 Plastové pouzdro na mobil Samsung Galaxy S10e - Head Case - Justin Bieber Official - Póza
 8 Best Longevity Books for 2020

————

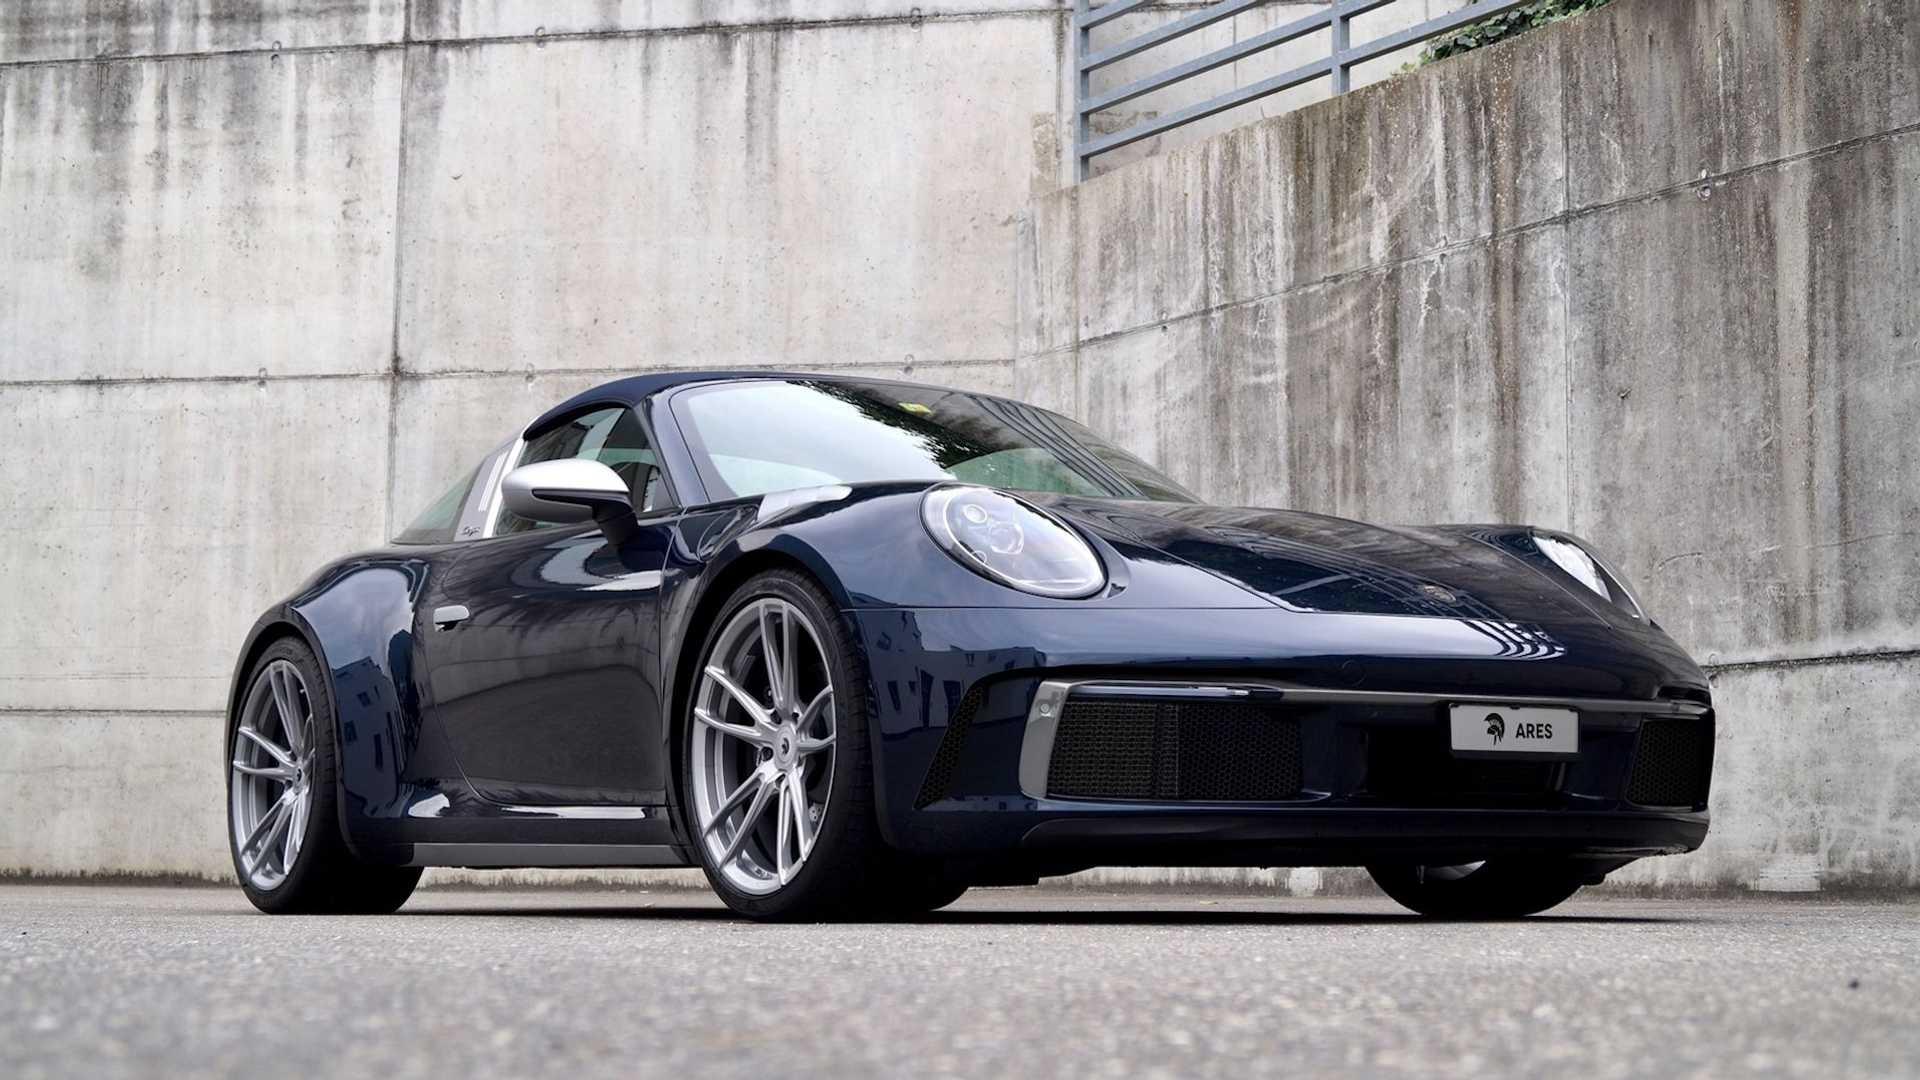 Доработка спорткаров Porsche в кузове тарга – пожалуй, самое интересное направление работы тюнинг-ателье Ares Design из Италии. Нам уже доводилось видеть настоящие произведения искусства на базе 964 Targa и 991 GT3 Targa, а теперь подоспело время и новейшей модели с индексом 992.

————

# What to do
I'd like the lines above from the one with "Plastové pouzdro na" up to and including the one with "8 Best Longevity Books for 2020" copied exactly, with no other lines.

# Your response
 Plastové pouzdro na mobil Samsung Galaxy S10e - Head Case - Justin Bieber Official - Póza
 8 Best Longevity Books for 2020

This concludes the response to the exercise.